▶ _Prompt_: All pictures are to be dropped, and everything else in the data duplicated exactly.

▶ _Information shown_:
• • • •
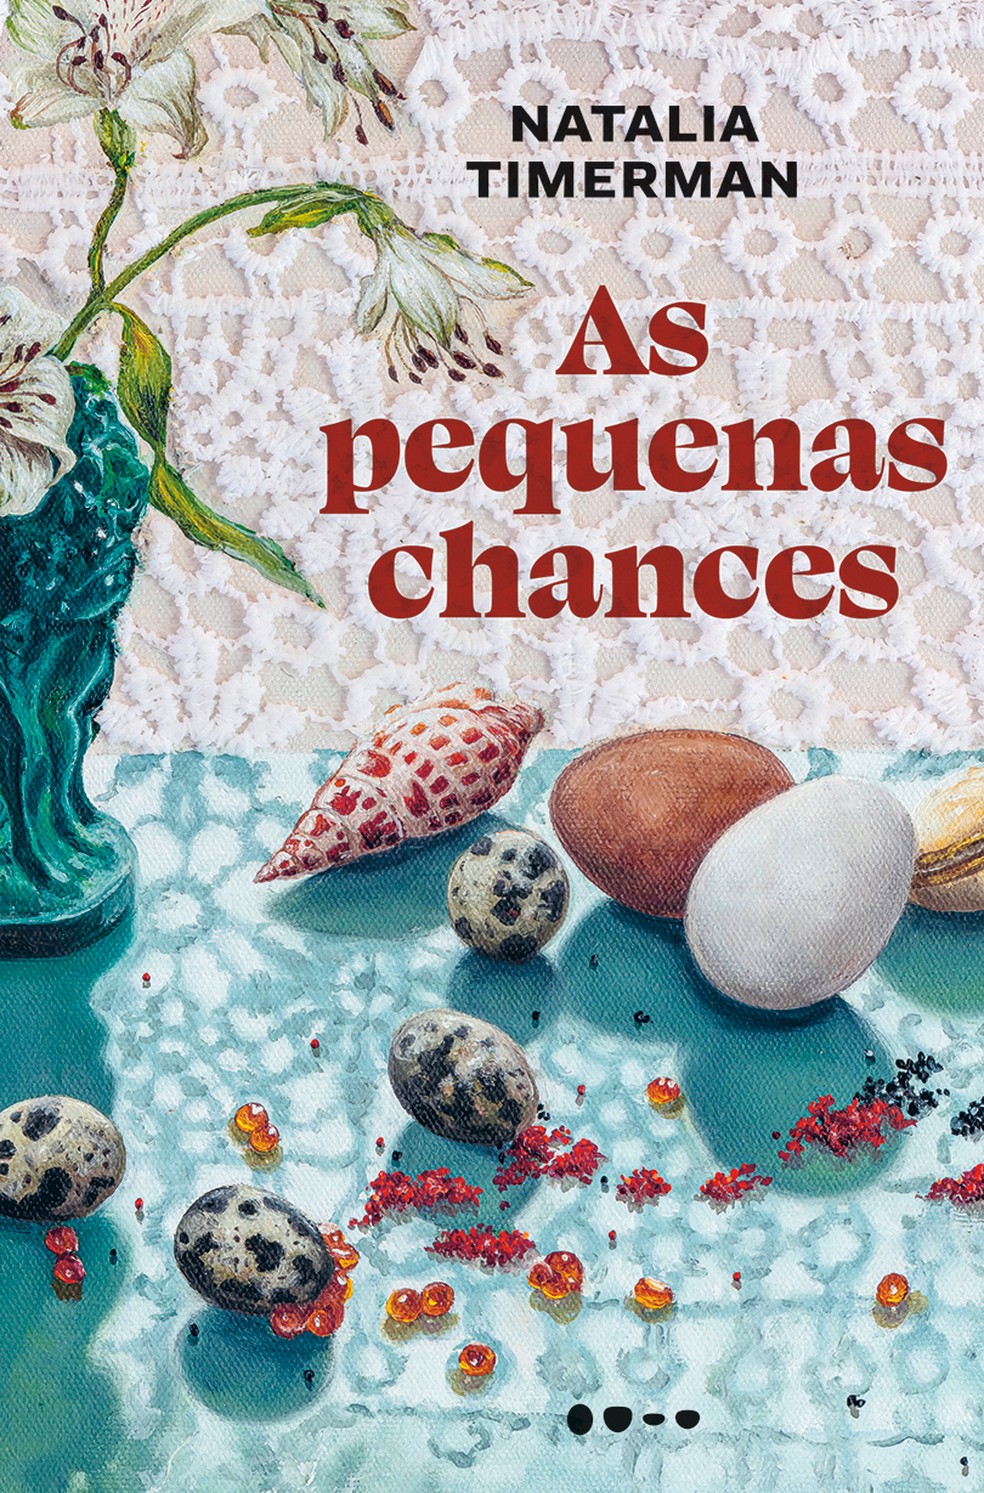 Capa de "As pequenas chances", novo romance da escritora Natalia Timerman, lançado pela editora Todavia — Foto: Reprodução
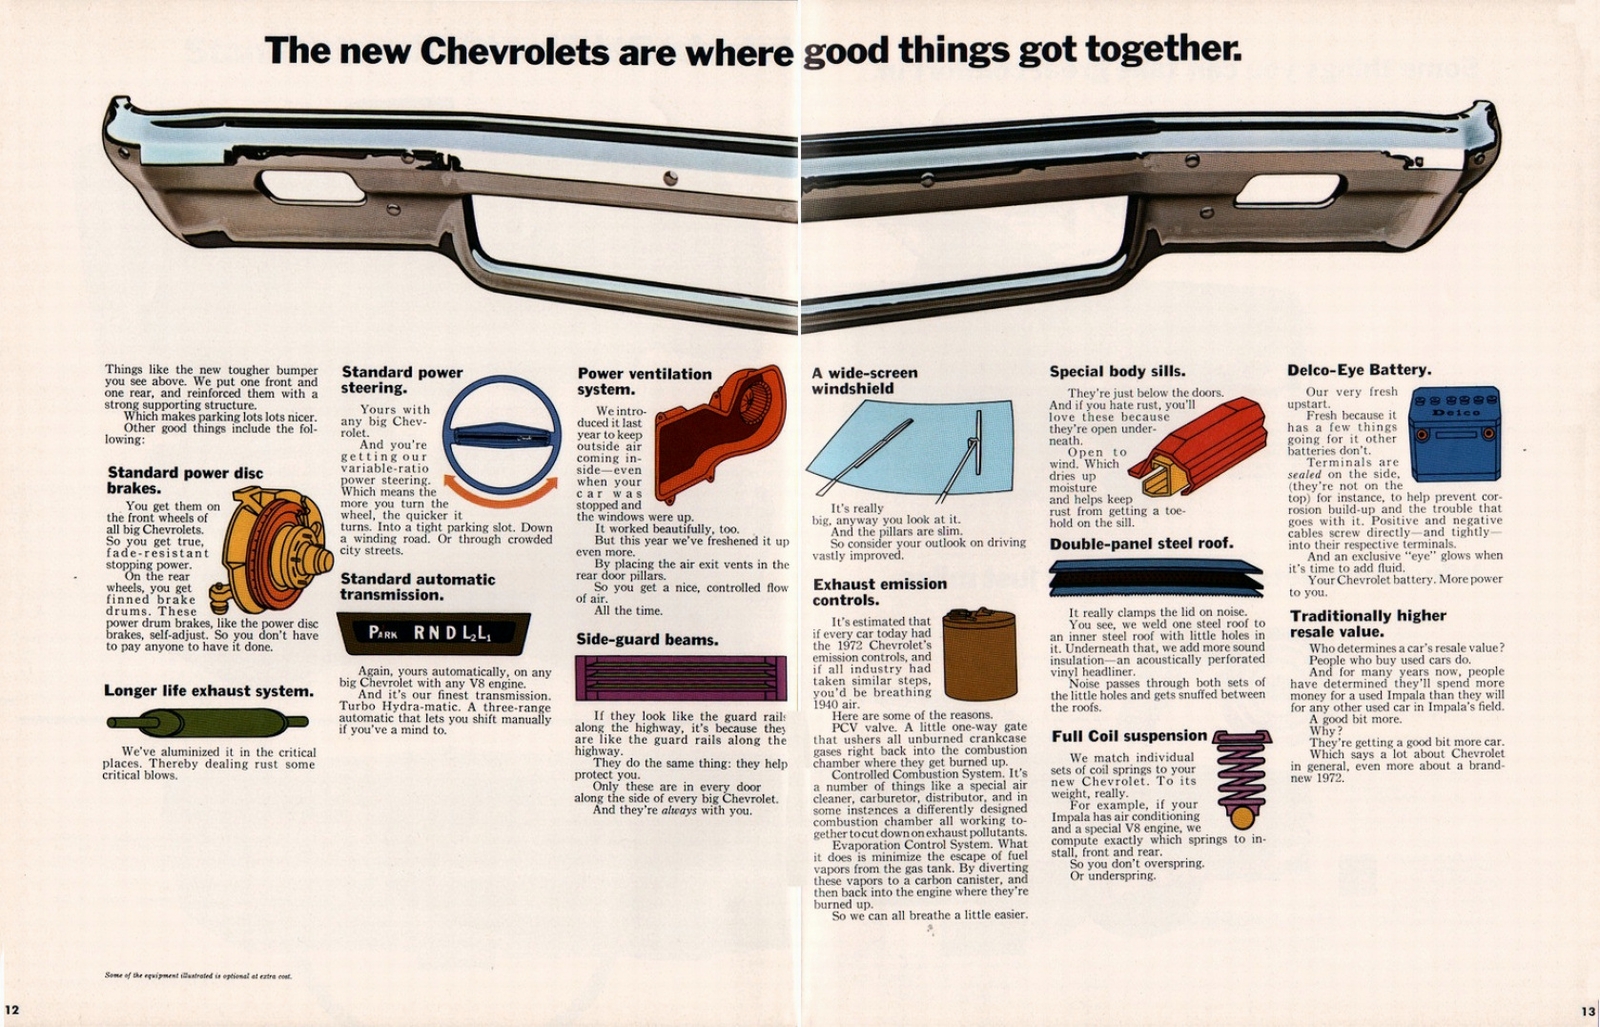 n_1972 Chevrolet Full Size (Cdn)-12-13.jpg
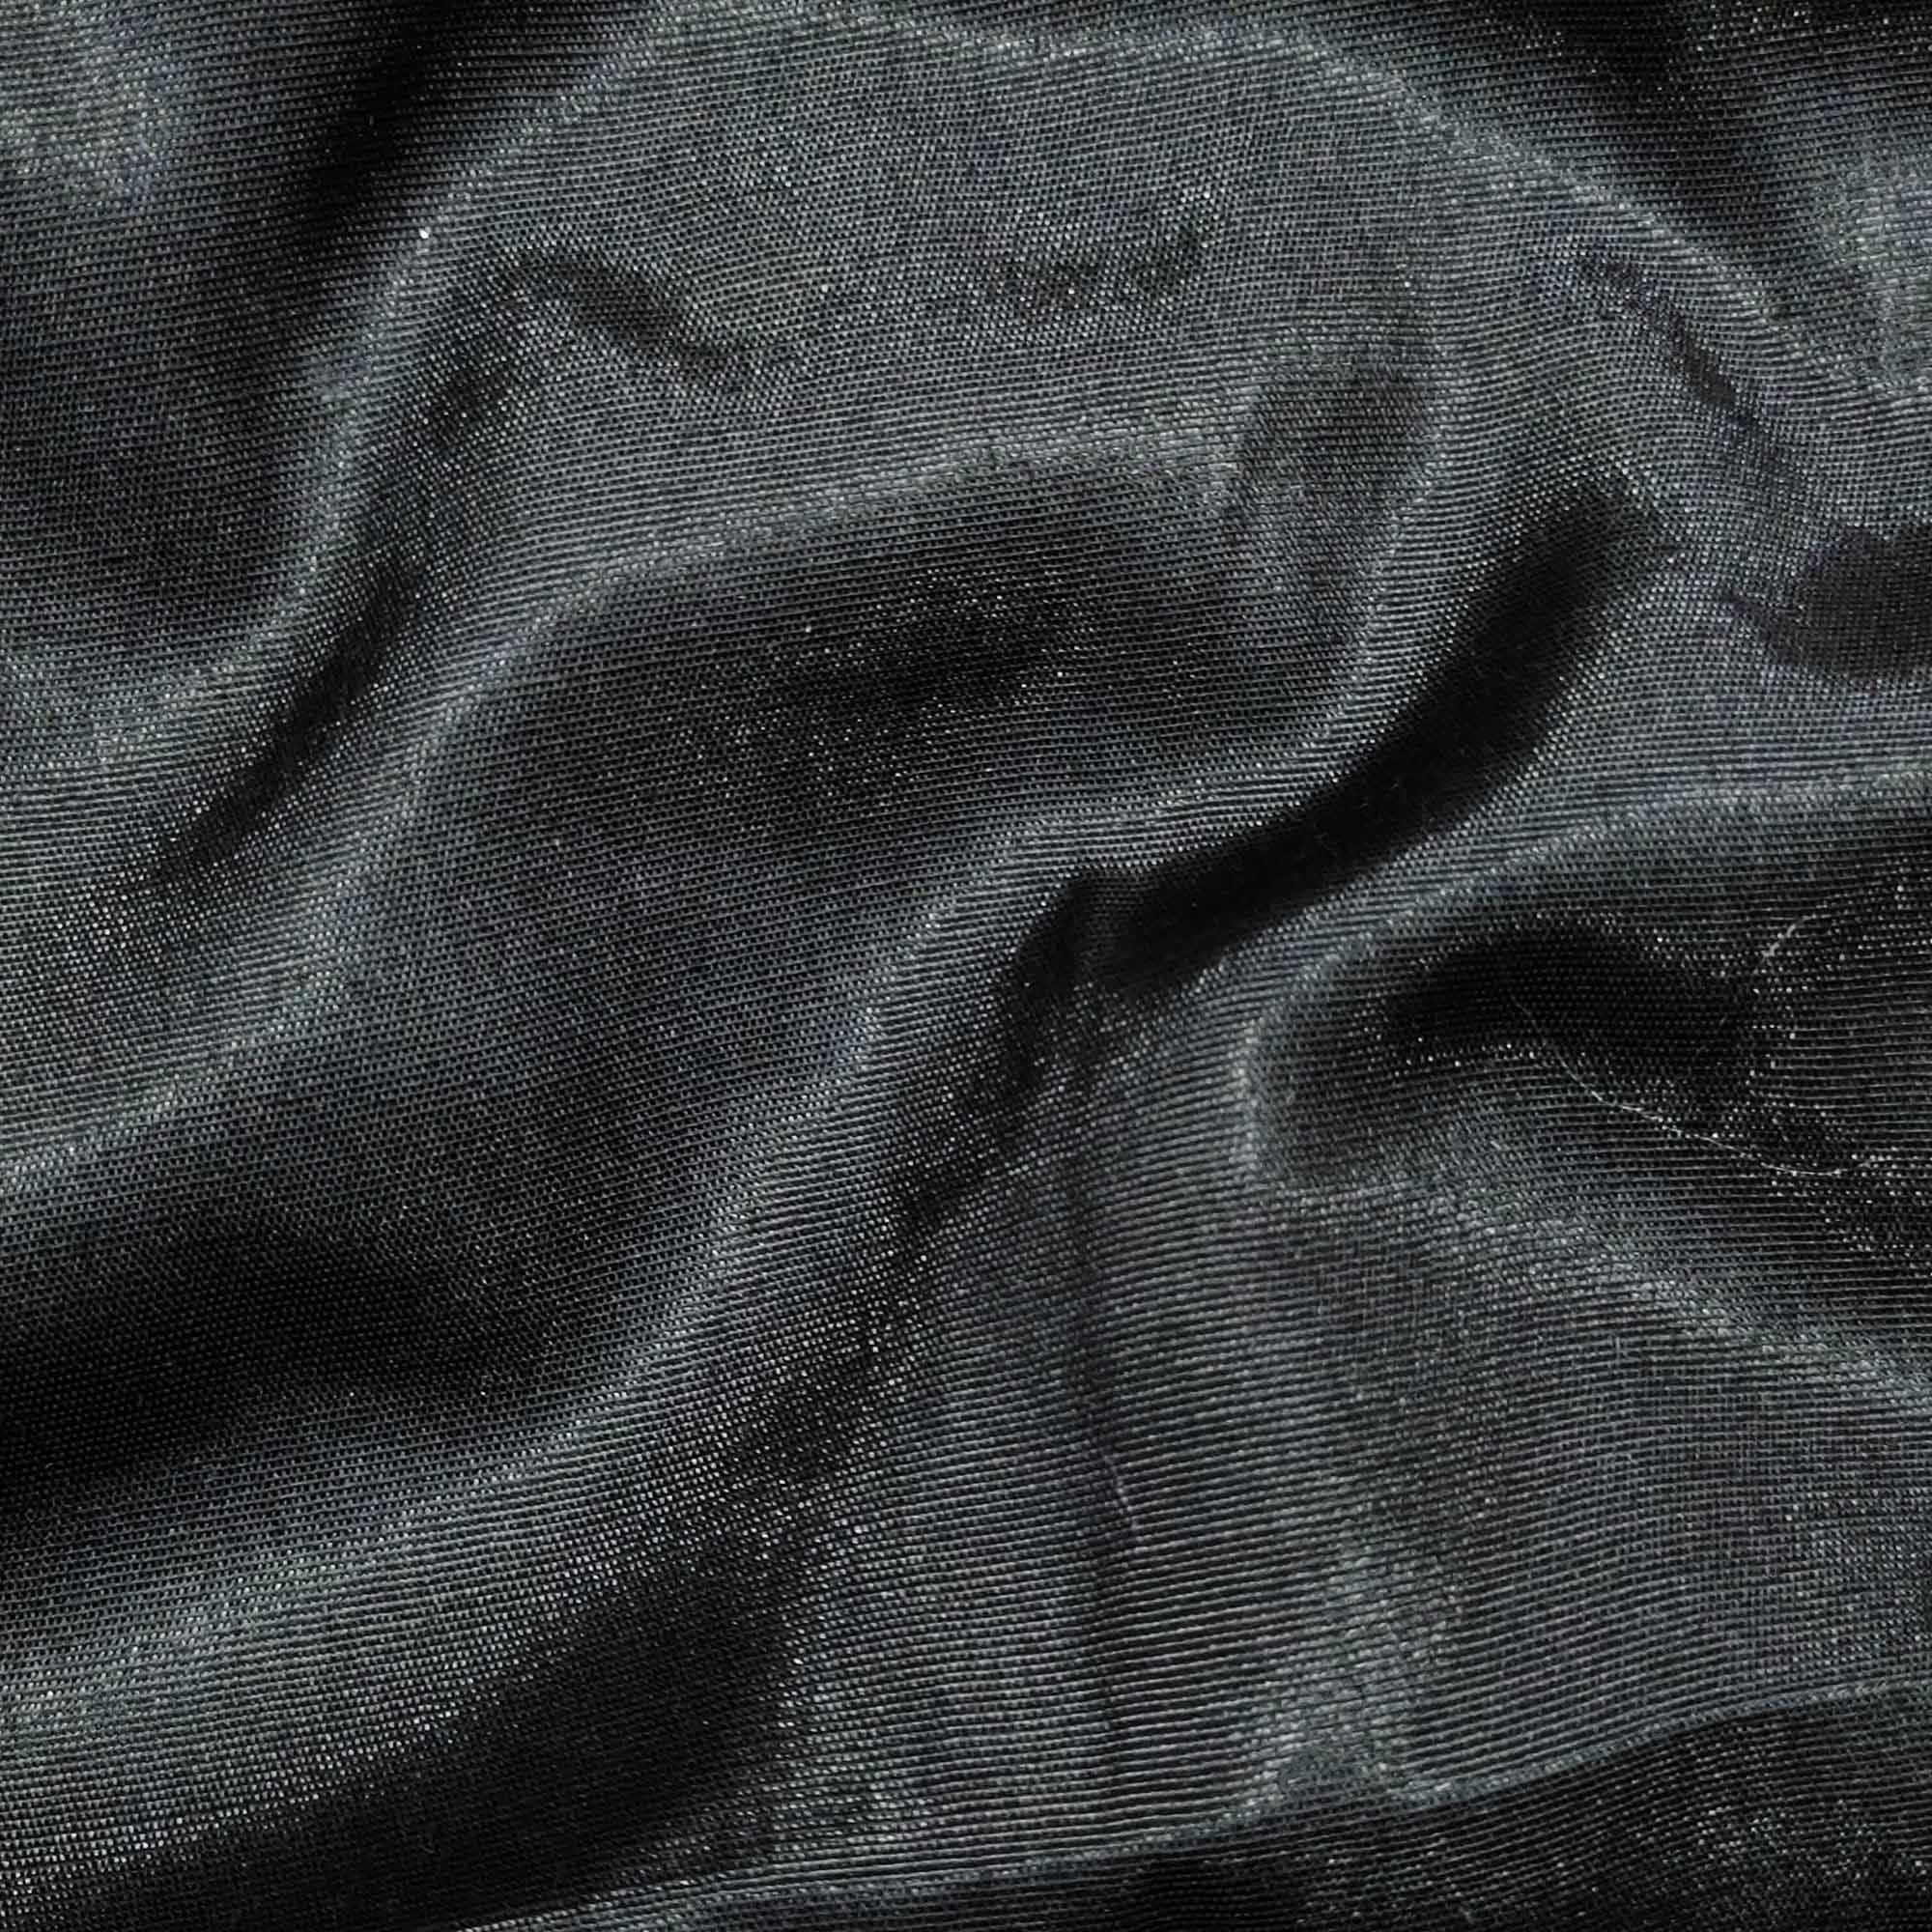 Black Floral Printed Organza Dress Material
• • • •
▶ _Exercise output_:
 Capa de "As pequenas chances", novo romance da escritora Natalia Timerman, lançado pela editora Todavia — Foto: Reprodução
 n_1972 Chevrolet Full Size (Cdn)-12-13.jpg
 Black Floral Printed Organza Dress Material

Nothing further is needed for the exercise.